In the tutorial (§4.2) we wrote $Q = XW_Q$, $K = XW_K$, $V = XW_V$ as three separate multiplications. TPP offers three fusion levels controlled by the FUSED_QKV_GEMM environment variable:

Mode	What happens
`FUSED_QKV_GEMM=0`	Three separate BRGEMMs (baseline).
`FUSED_QKV_GEMM=1`	Q, K, V computed in a single fused call: one loop over the input blocks writes Q, K, V outputs in-register.
`FUSED_QKV_GEMM=2`	Q, K, V plus the MLP gate projection — four outputs from one pass over the input.

Fusion reduces the number of times the input hidden_states must be read from memory. For a d=4096 model, this cuts memory traffic by ~3× for QKV and ~4× for QKV+gate — a large win on bandwidth-limited CPUs.

4.3 Weight Remapping for First-Token (Prefill)

During the prefill pass (also called “first token”), the sequence length $S$ can be hundreds or thousands of tokens. This makes each GEMM a large matrix–matrix multiply — compute-bound rather than memory-bound.

TPP exploits this by keeping a second copy of each weight matrix in a different blocked layout optimized for large-batch GEMMs (wt_tensor_for_first_token<T>()).
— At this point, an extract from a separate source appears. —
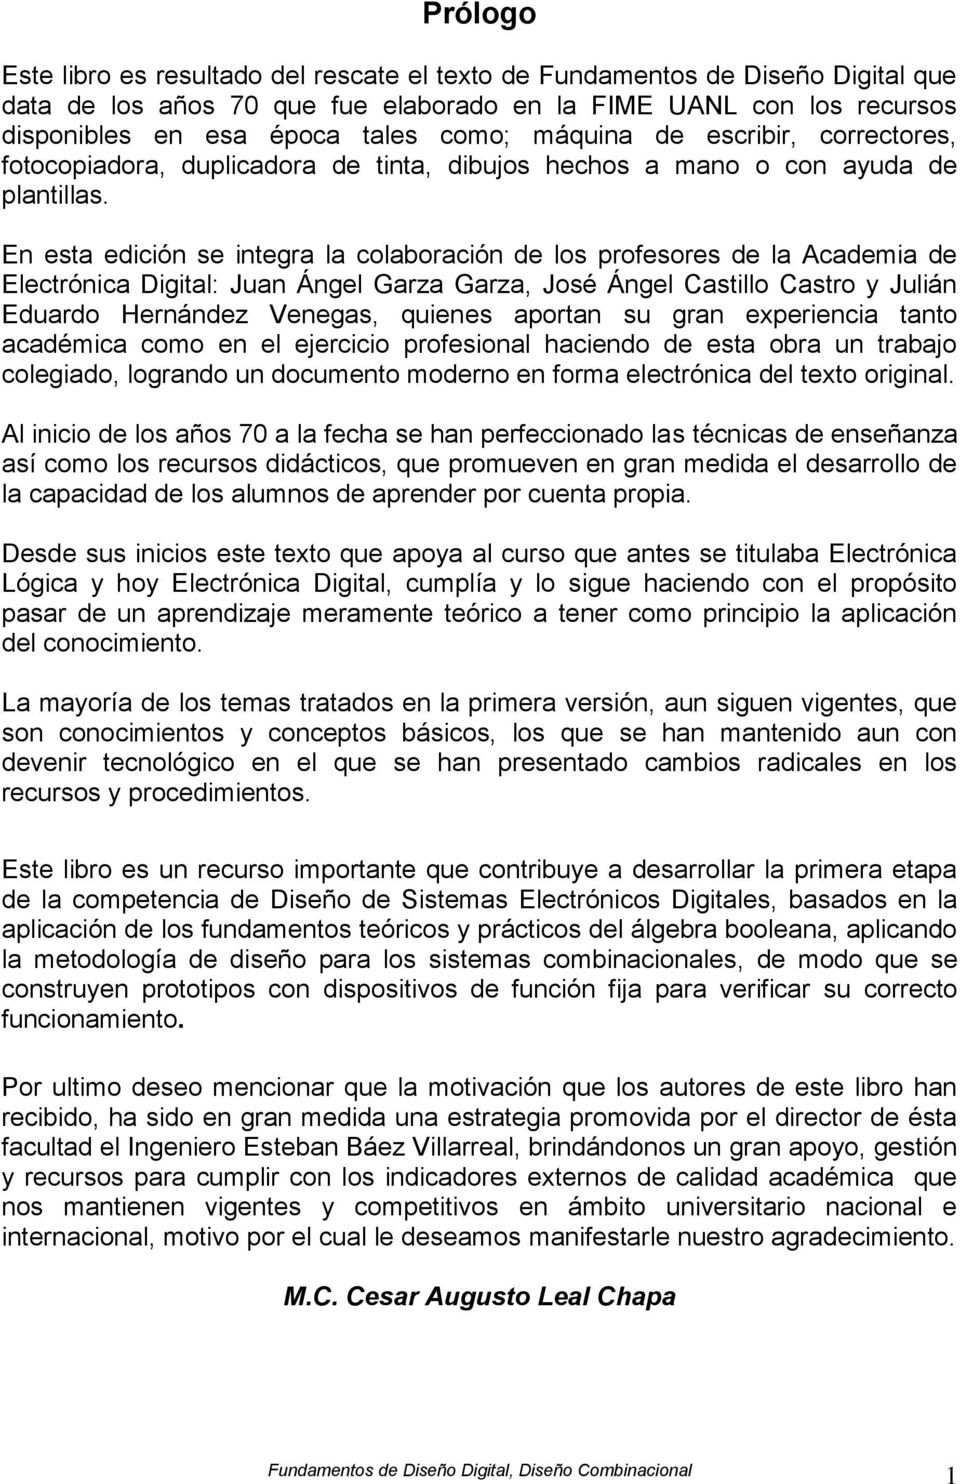 En esta edición se integra la colaboración de los profesores de la Academia de Electrónica Digital: Juan Ángel Garza Garza, José Ángel Castillo Castro y Julián Eduardo Hernández Venegas, quienes

The decision is automatic:

bool weight_reuse = check_weight_reuse(t_HS);
if (weight_reuse && TPP_CACHE_REMAPPED_WEIGHTS) {
    t_Wq = this->t_Wq_1;  // use prefill layout
    ...
}

This burns extra memory (2× weight storage) but dramatically improves prefill throughput because the blocked layout for large-$S$ tiles better utilizes the AMX hardware.

4.4 Quantization at Load Time

FixLinear() supports transparent weight quantization:

Format	Env / Arg	Description
MXFP4	`--weight-dtype mxfp4`	Microscaling 4-bit float (OCP MX standard). 4× compression.
QINT8	`--weight-dtype qint8`	Symmetric 8-bit integer. 2× compression.
QINT2	`--weight-dtype qint2`	2-bit integer. 16× compression.
BFloat8	`--weight-dtype bfloat8`	8-bit brain float. 2× compression.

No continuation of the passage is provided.